Dopo un bel po’ si fecero vedere, seppur con riluttanza, e acconsentirono a giocare ai vecchi giochi e a parlare dei vecchi tempi, ma con estrema circospezione. Quando giunse l’ora di partire, scomparvero di nuovo. La nostra amica ci scrisse in seguito che, evidentemente, si erano impossessati di un orario ferroviario poiché, prima di fare nuovamente capolino, avevano aspettato che il nostro treno superasse Elkhart.
Fu lo stesso Chilla a condurci un giorno, quando vivevamo alla fattoria, da Wuzzy, il nostro gattone fulvo, che mancava da casa da quarantotto ore: si trovava a quasi ottocento metri di distanza, in un luogo dove non potevamo vederlo né sentirlo, preso in una trappola. Durante il cammino Chilla si voltava di tanto in tanto, per vedere se lo seguissimo. Il vecchio Wuz era mezzo morto quando lo trovammo ma, vedendo Chilla, iniziò a fare le fusa.
Vivendo con un gatto, potreste dover affrontare il problema della sua doppia vita. Ciò significa, in poche parole, che Kitty è in grado di avere due case, situate a una distanza tale che ognuno dei proprietari è convinto che lei gli appartenga.
Feci questa scoperta quando decisi di indagare sulle inspiegabili assenze di Lulu II la mia siamese Seal Point. Alla fine riuscii a rintracciarla dall’altra parte della baia, mentre era intenta ad adescare un’amabile zitella. Quando esclamai: «Spero che la mia Lulu non l’abbia infastidita», lei ribatté indignata: «La sua Lulu!

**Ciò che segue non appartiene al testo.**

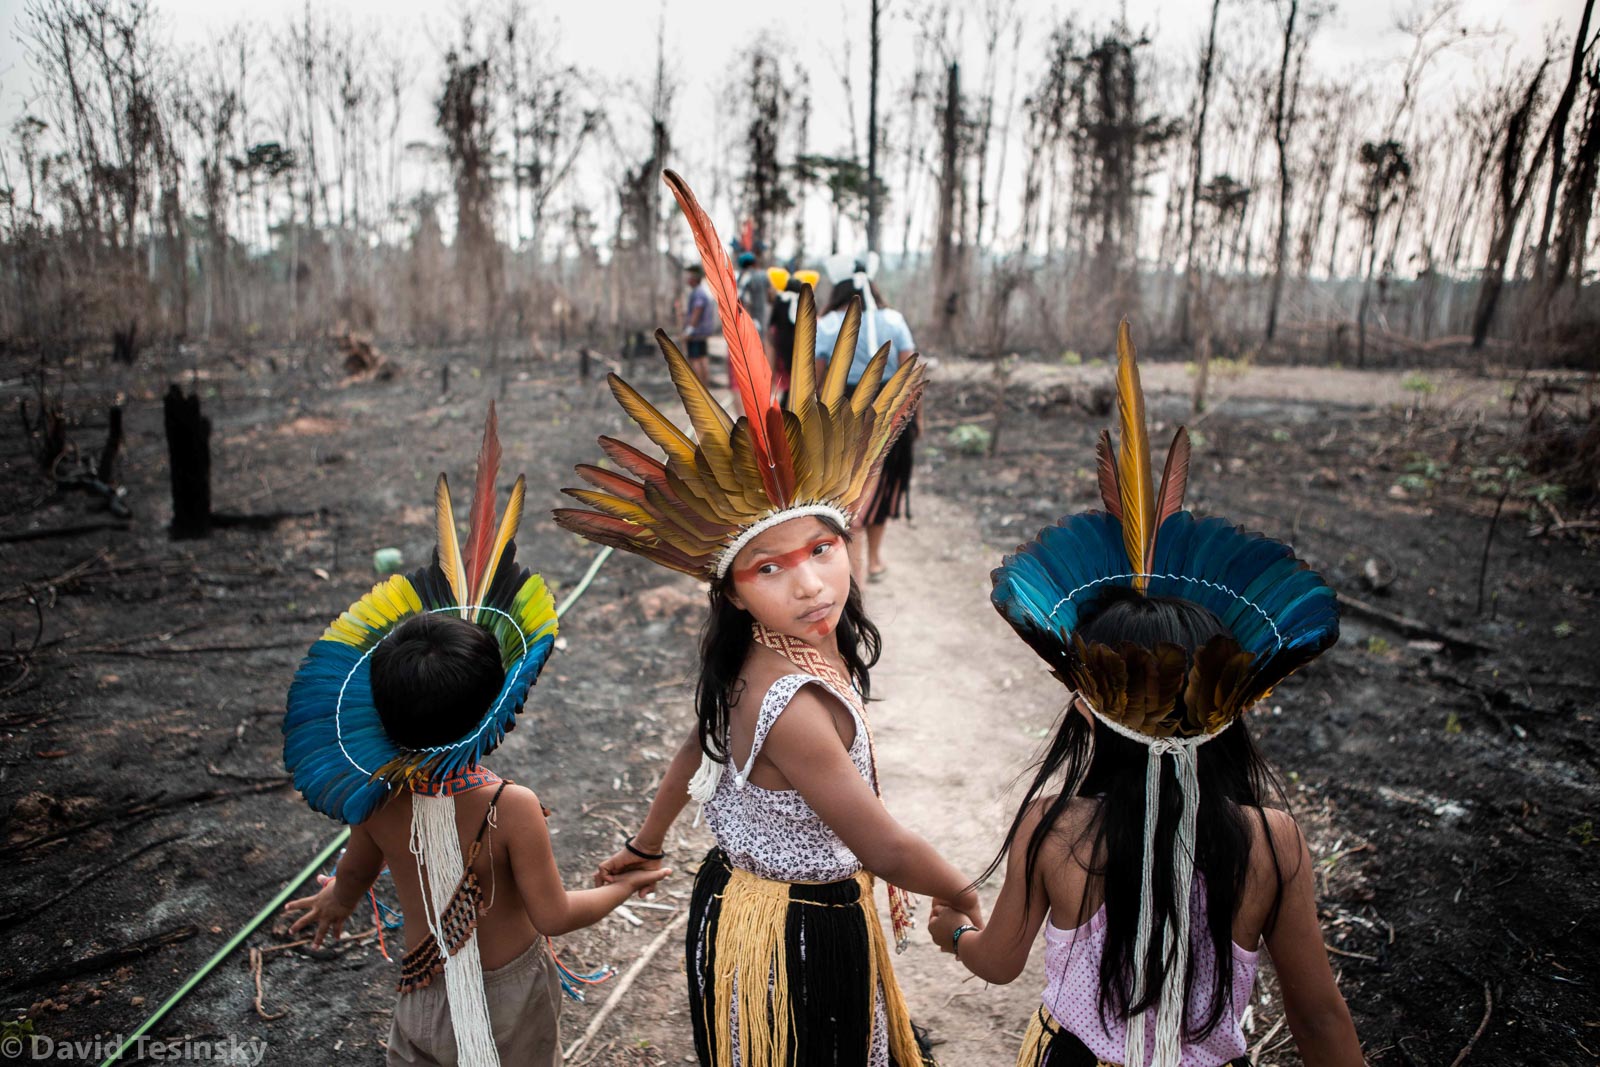 Man-Made Fires destroying homes in Amazonia (Brazil) - David Tesinsky

Intende dire la nostra piccola cara Pitipoo! Ci chiedevamo dove andasse quando, di tanto in tanto, scompariva. Ci auguriamo che non le abbia arrecato disturbo».
L’aspetto più sconvolgente della storia era però che Lulu, che aveva un pedigree lungo un metro, era disposta a farsi chiamare Pitipoo!
Di tutte le azioni che un gatto intelligente può compiere per mettervi in riga, il dono di un topo catturato è la più furba e la più toccante. Alla fattoria viveva Limpy, una gatta randagia che si procurava da sé il cibo. Avevamo già quattro gatti ma, in inverno, quando ci trasferimmo in città, la portammo ugualmente con noi.
Non avevamo messo piede nell’appartamento nemmeno da dieci minuti che Limpy aveva già catturato un topo o, più probabilmente l’unico topo, e lo aveva già deposto ai nostri piedi. Per lei un topo morto era un bel colpo, una pacchia, una gran festa. Eppure, lo aveva regalato a noi.
Come considerare tale atto, un modo per ripagarvi dell’ospitalità, una forma di ringraziamento o un gesto che significa «Ecco qui, guarda: è la cosa più importante che so fare. Prendila, perché tu mi piaci?».
Potete insegnare a un cane a recuperare la selvaggina, ma solo un gatto vi porterà spontaneamente la sua preda, offrendovela in dono.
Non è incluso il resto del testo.